Since then, I’ve had the opportunity to adapt the installation to a handful of different spaces and circumstances – everywhere from an open studio event in Paris, France, to the space under my young nephew’s loft bed. During the Covid-19 pandemic, I was contacted by a local BIA and asked to create a version of the piece on the scale of the neighborhood. After many months of collaborating with Jennifer Lay at the Riverside BIA and local businesses to to figure out the logistics and working hard to upscale all of the elements, “The Serenity Experience in Riverside” launched in the winter of 2021. It occupied 10 storefronts of local small businesses, and had many interactive online components as well. Creating it was the biggest challenge of my art career so far, and also the most rewarding project I’ve been a part of. The pandemic lock-downs were obviously very hard on small businesses, and I’m sure anxiety was higher in the general population as well. I received a lot of heart-warming feedback about the positive effects of the project, which made the experience even richer for me. It also encouraged me to think in terms of a dramatically larger scale, which has led to my current work-in-progress (more on that to come!).
You can view the online version of “The Serenity Experience” here: https://www.jessicalin.ca/theserenityexperience
Jessica, before we move on to more of these sorts of questions, can you take some time to bring our readers up to speed on you and what you do?
My training and background is in photography, and for the first decade or so I worked in commercial photography, as well as wedding and portrait photography.

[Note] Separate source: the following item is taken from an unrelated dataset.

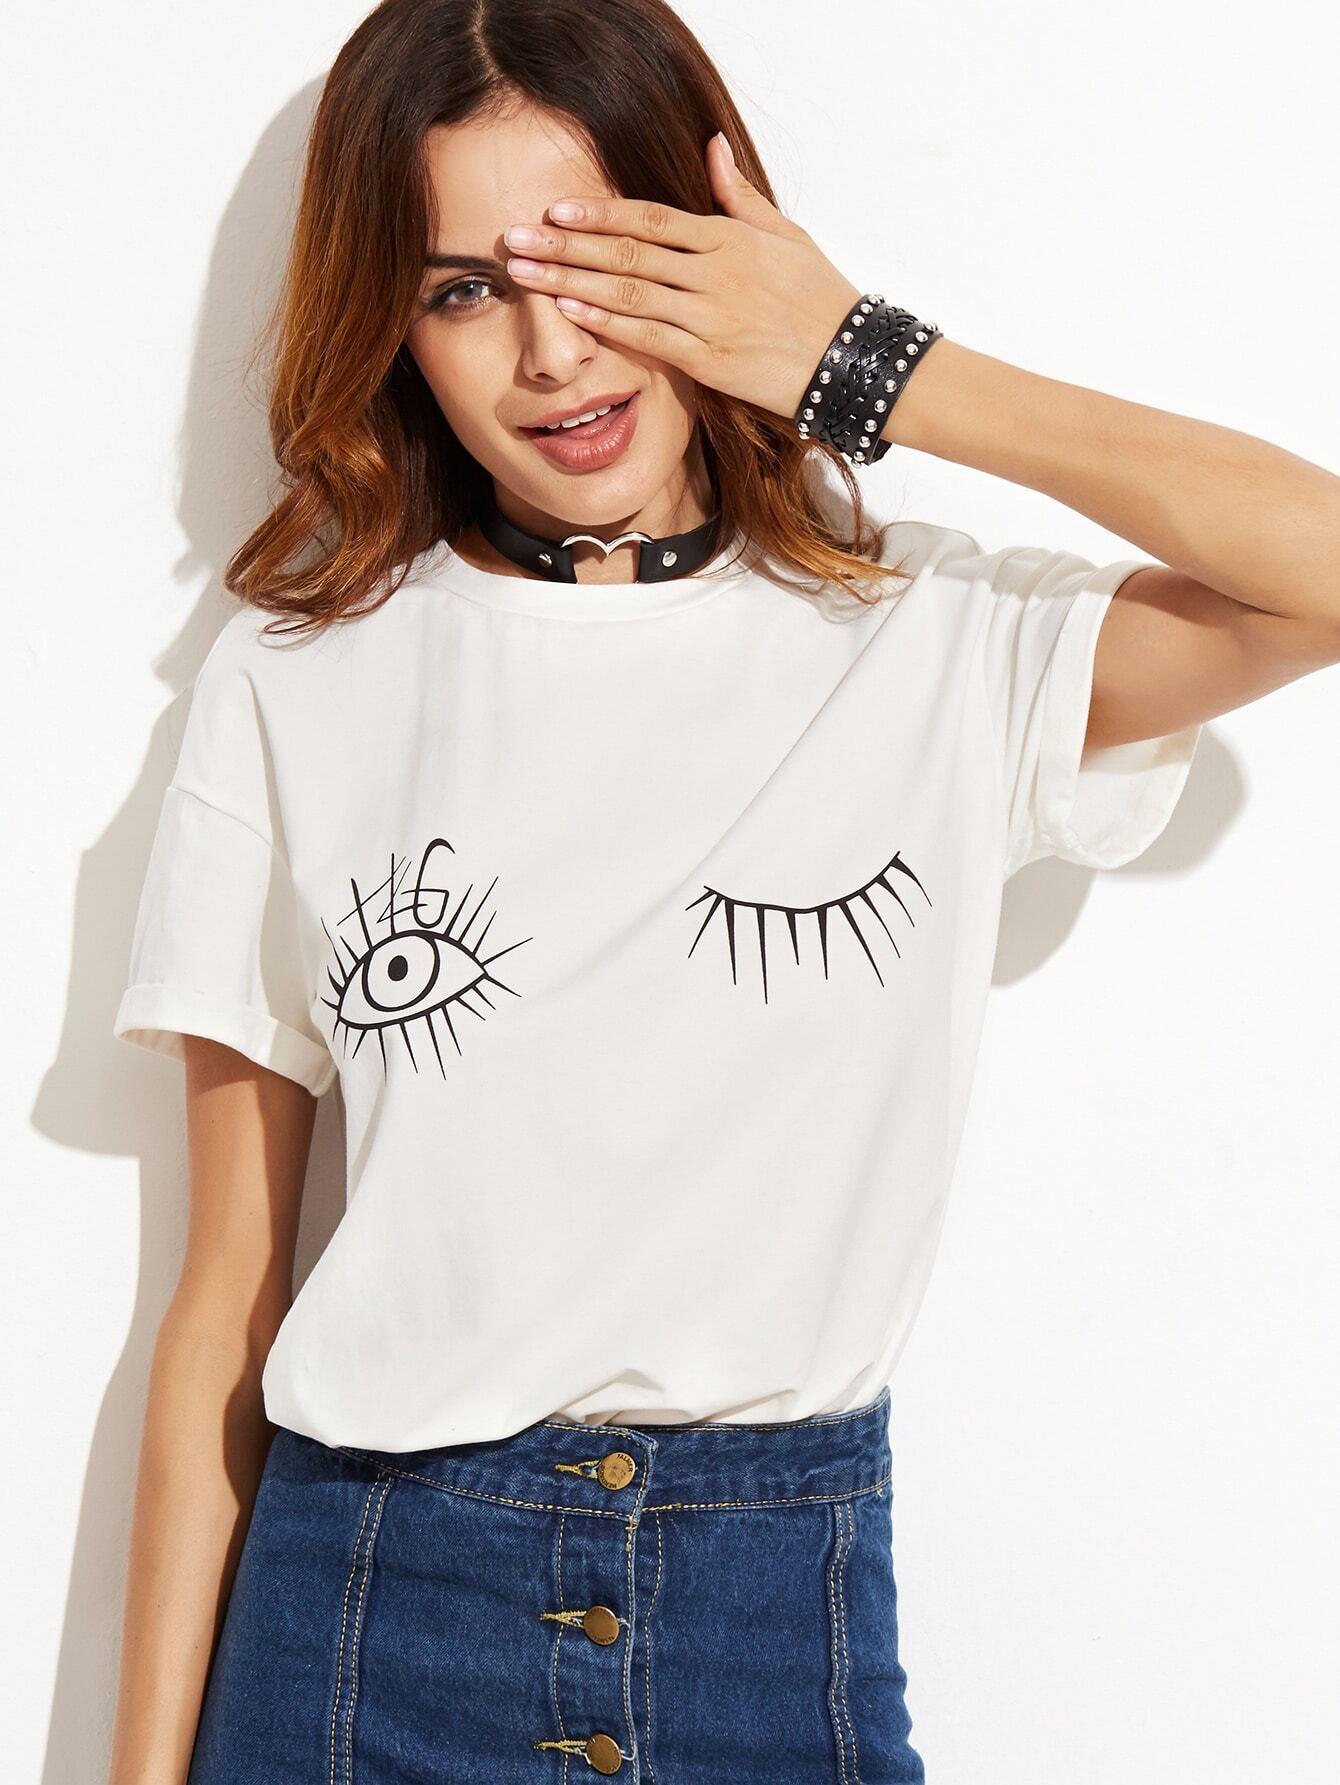 White Wink Eyes Print Drop Shoulder T-shirtWhite Wink Eyes Print Drop Shoulder T-shirt<br><br>color: White<br>size: L,M,S,XS

In 2008, someone asked me what I loved to photograph, and I realized that I’d lost touch with my love of photography and being creative. So I did what any sensible creative person would do: cashed out my savings, and booked a trip to the south of France. I’d never been to France, and figured there had to be a reason that artists have gravitated there for centuries.
I travelled around alone for a few weeks, and took hundreds of photographs. I fell in love with the adventure of being somewhere new and unknown. I re-found my love of photography. And as fate would have it, I also met an Irishman and fell in love with him (his name is Norman, we’ve been married for 12 years now). After that, I started travelling more often, and taking photographs wherever we went. The problem was that when I got home and looked at these images, even the great ones never really conveyed how beautiful and amazing it felt to be wherever it was. I wanted to create art from our travel experiences, but also wanted the images to be unique, and to incorporate many different parts of the adventure.
Over time, I’d had to learn a lot about using photo-editing software in order to solve problems for my clients, now I put this experience to work in creating art pieces. I extracted elements from different photographs that I’d taken, and recomposed them to create reality-based fantasies. The first few years, I created images that were very travel-based, using photographs from that first trip to France, and a trip to Northern Ireland shortly thereafter. This evolved into my next phase, which was entirely landscape-based images, with abstract backgrounds and silhouetted tree lines in the foreground. Because of the semi-abstract nature of these pieces, viewers saw and felt all sorts of different things, and I really enjoyed talking to people at the many art fairs I participated in during these years.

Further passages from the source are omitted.